Re: 【3-2-3掲載】君を探し、夢に囚われる ( No.111 )
日時: 2016/04/15 01:19
名前: 黒雪 ◆SNOW.jyxyk (ID: jwhubU7D)

三章 第二幕 第四遍




 階段を昇っていく背中を見つめながら、詩織は微笑む。2人がいなくなった地下室の壁を指でなぞって、ゆったりと歩いていた。そして、鉄の扉の前で立ち止まる。
 いくら隠しても、隠しきれないもの。鉄の扉といえど、空気は通す。扉の奥から微かに流れ出るのは、薔薇の香りと腐臭。薔薇の香りで懸命に隠そうしても、その香はそこに存在していた。

「あの扉は、もう二度と開けられない。それは——私が黒崎詩織ではないから」

 火事のあったあの夜、この鉄の扉の奥で彼女は絶命した。誤算だったのは、彼女がはるか離れた異国の地で重要な人物であったこと。彼女を殺せば、自分が成り代われると思っていたのに、結局は無理だった。今はこうして火事のせいにして誤魔化すことができているが、それもいつまで続けられるかは分からない。
——所詮、私は私。そういうことなのね、お姉さま。
 詩織、否、詩織を名乗っている人物の、本当の名前は麗奈(れいな)。半年前までは玲菜(れな)という名でこの屋敷で働いていたが、現在は火事で命を落としたと記録されているはずの人間だった。なぜ、そんな入れ替わるような事態になったのかは知る由もない。だが、こうして少しずつ見えてくる綻びは、確かに彼女が『黒崎詩織』ではないことを示している。
 キィと音を立てて、鉄の扉が開く。すでに詩織は白い骨と化していたが、その過程で発生した臭いは、いくら換気しても決して消えなかった。

「ねぇ、お姉さま。あなたは、一体どんな人だったの? なんで……なんで、こんなに、死んでも邪魔な存在なの? なんで、生まれてきたの? ねぇ、どうしてこんな面倒なことをやったのよ!」

 部屋の中に、骨が飛び散る。大きいものも、割れたものも、バラバラに。足元に転がってきたのは踏みつぶした。だから、麗奈は知らない。
 部屋の片隅に転がったロケットの中に、彼女の問いの答えが、全て記されていたことを。ロケットの存在は知られないまま——扉は閉ざされた。

「すみませんね、お待たせしてしまって。もうお帰りになるのですか?」
「えぇ、これ以上ここにいても何にもならないし、サロンの営業もしなければいけませんからねー。四天王不在だと、客が少ないらしくって」

 サクラが軽くウィンクしながら答えた。そして次の瞬間には、その場から姿は消えている。現実世界へと戻ったようだ。その後にアオイが続く。

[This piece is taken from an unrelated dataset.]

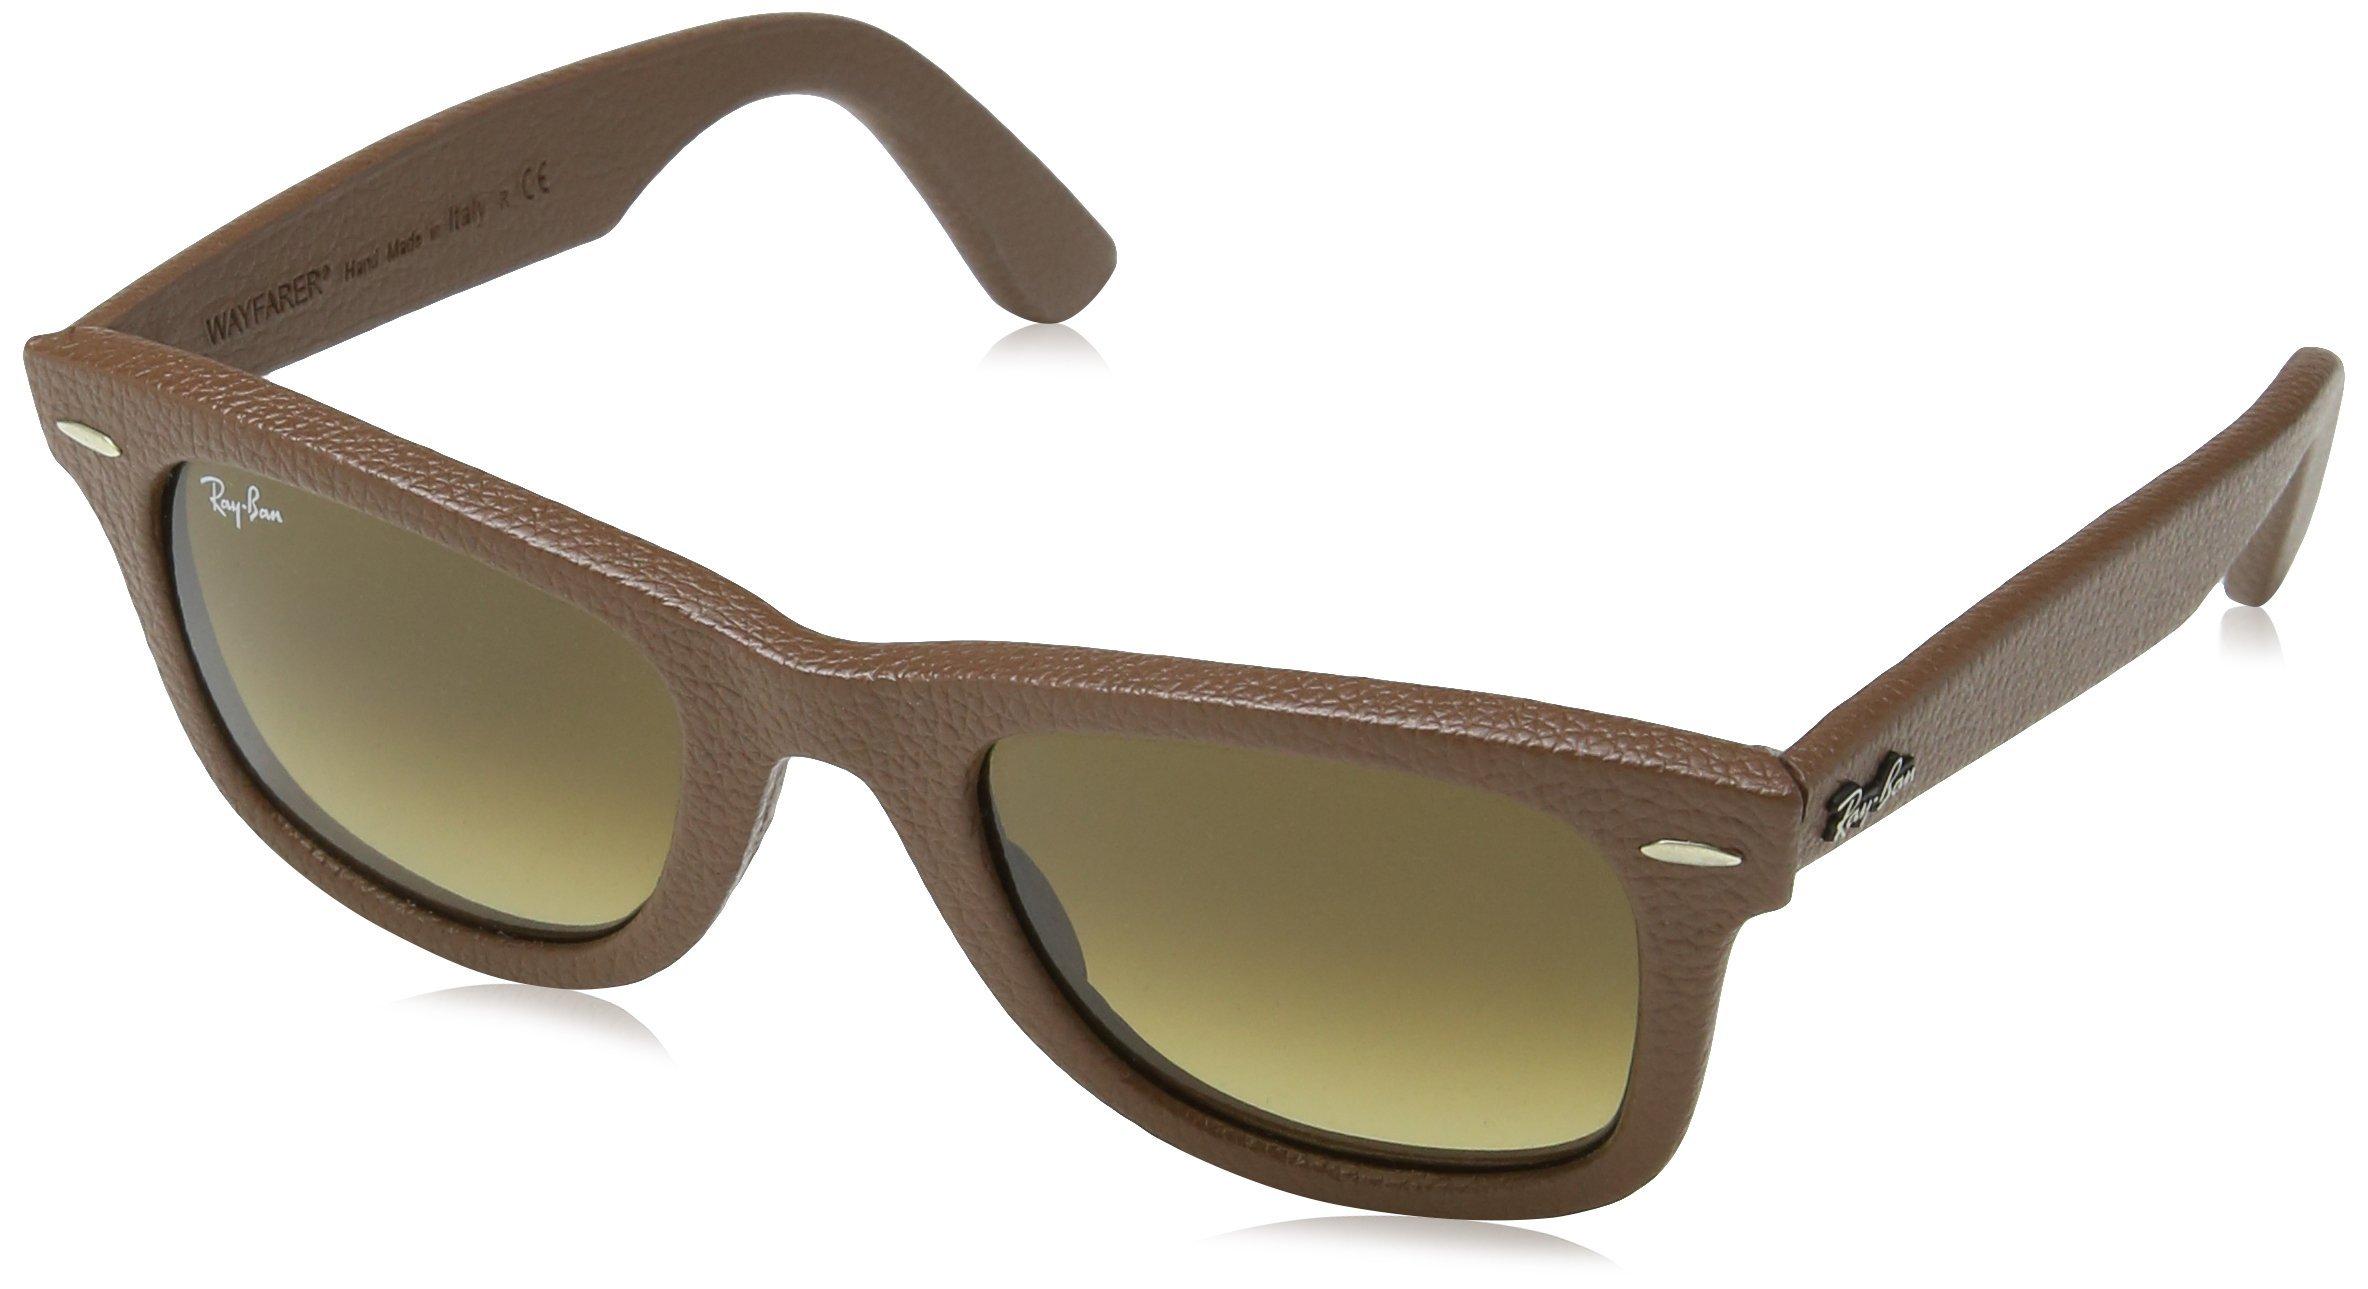 Ray-Ban 2140QM 116985 Leather Brown Wayfarer Sunglasses

「真面目にやらないと怒られるもんで。ま、バタバタしてしまいましたが、また会う日までお元気にお過ごしくださいませ」

 彼にしては珍しく形式ばった挨拶をして、姿を消した。もう二度と会わない、そんな感じのニュアンスを含んだ言葉だった。


「ねぇ、アオイ。スイゼンは、彼は一体なにがしたいのかしら?」
「そんなの俺に聞かれてもわからねぇよ」

 飛行機の中で、ほとんど呟きに近い形で会話がなされる。答えは求めてないけれど、反応はしてほしい。

「ただな、俺が思うに、奴は社長とは考え方が違う人間だ。面倒なことになるんじゃねぇの?」

 それを肯定するかのように、機内はその後静まりかえっていた。